Applied Business Assignments vs Essays

Recently I was reading a LinkedIn post by Matthew Lynch who had written a piece about essays being very useful, and suggesting that lecturers didn't set essays for students because lecturers didn't know how to mark them (27 January 2018; 22 June 2018).

Ouch. Yes, I loathe marking essays - so never set them - but it is not because I can't mark them. It is because in general the reading of 50 C grade or B grade essays is tediously boring! Yes, there might be one or two A+ examples in there, but that in no way compensates for the drudgery of marking the remainder.

In addition, while I was working for a corporate, I was never asked to write an essay. I was asked to write proposals, reports, progress reports and make presentations. But I was never asked to write an essay. I can just imagine the look of horror if I had delivered five or ten pages of prose in answer to a business need!

Good essays take a lot of time to plan and to write. Business writing is usually delivered under time pressure, and is simply not as polished. I tend to think of this as 'permanent' and 'disposable' writing. "Quality" is "fitness for purpose" (Harvey, 2004), and organisations do not usually have the resources to allow us the time to write perfectly. Book chapters are more permanent: a progress report is definitely disposable.

My applied approach with assessments aims to get students to practice workplace writing. My assignments tend to include: business cases; case studies; feasibility studies; research proposals; reports; progress reports; and presentations.

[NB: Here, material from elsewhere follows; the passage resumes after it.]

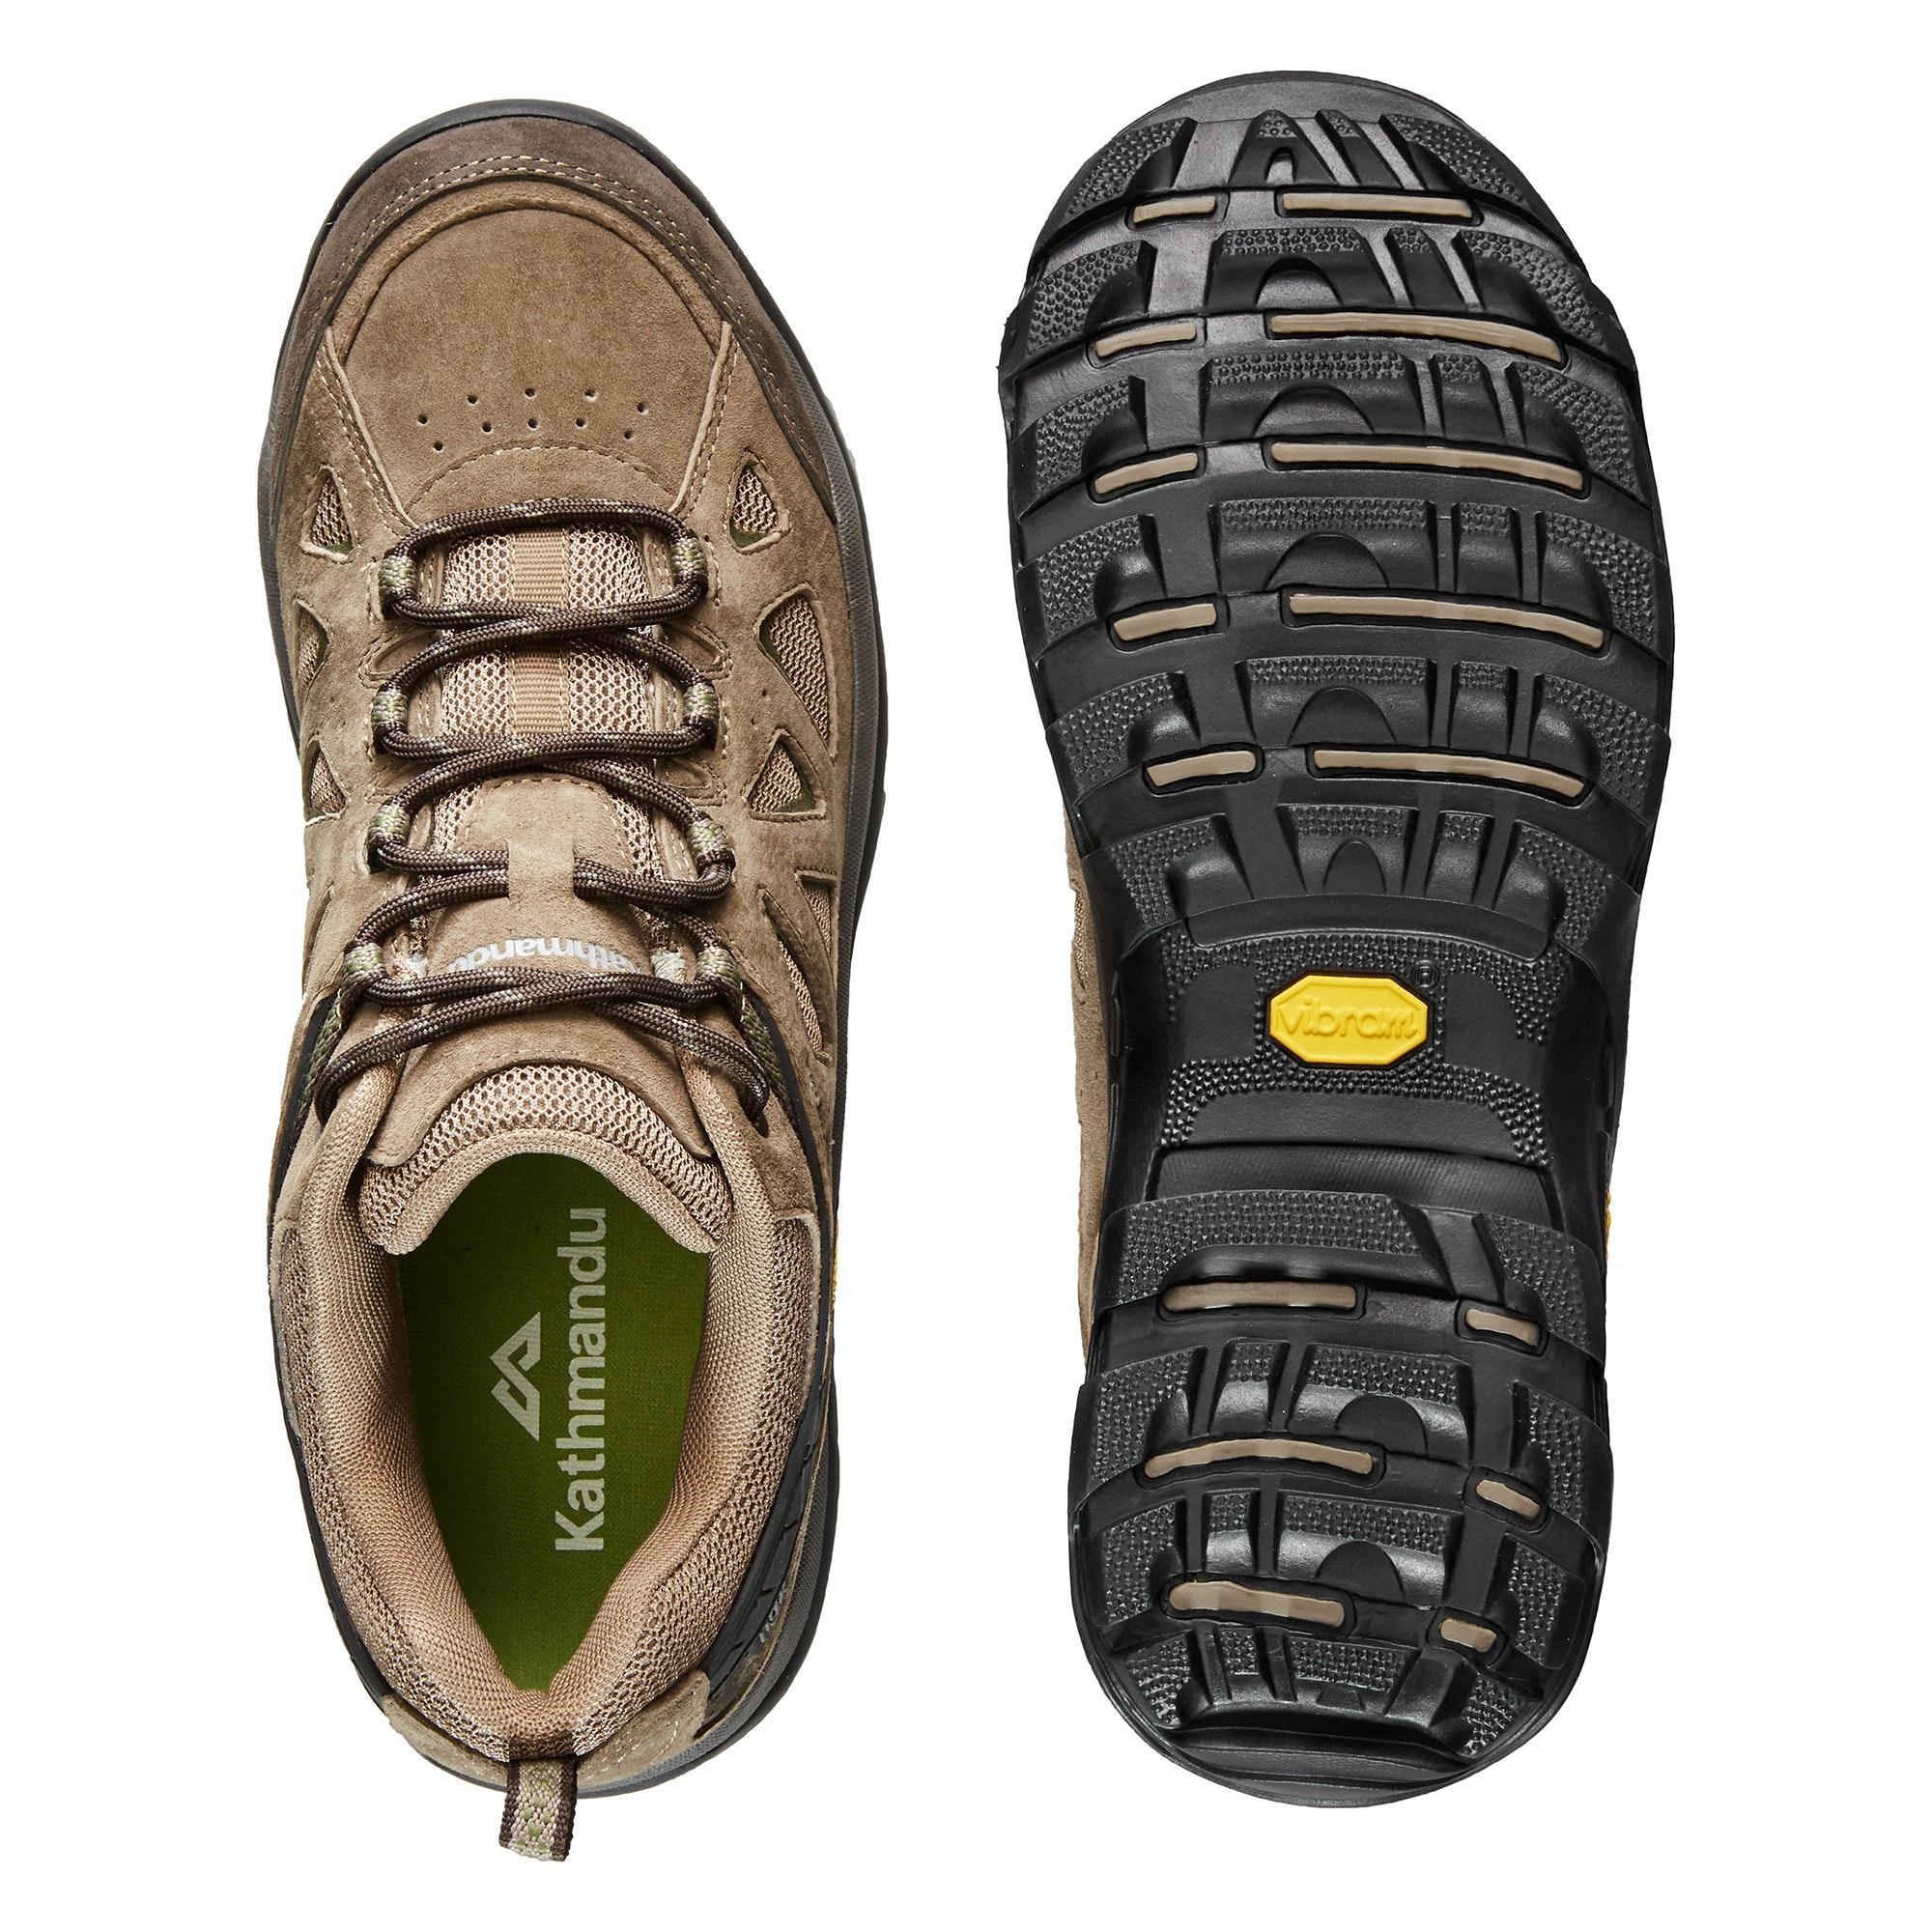 NEW-Kathmandu-Sandover-Men-ngx-Hiking-Shoes-Waterproof-Breathable-Liner-Vibram thumbnail 11

All sensible rehearsal for what students will encounter in the workforce. If students are aiming for an academic career, or if they are a staff member, in their capstone research paper they can write a research article instead of a report.

Applied assignments - other than essays - still require students to think, to connect, to synthesise, to communicate, to create structure, to build argument, to be academically sound and to honour their sources. In this regard much of the writing skills we teach are transferable to any format. An essay - monograph - done well is a delight to read. But most of the time, expertise is not present, and the result is not delightful, useful or interesting.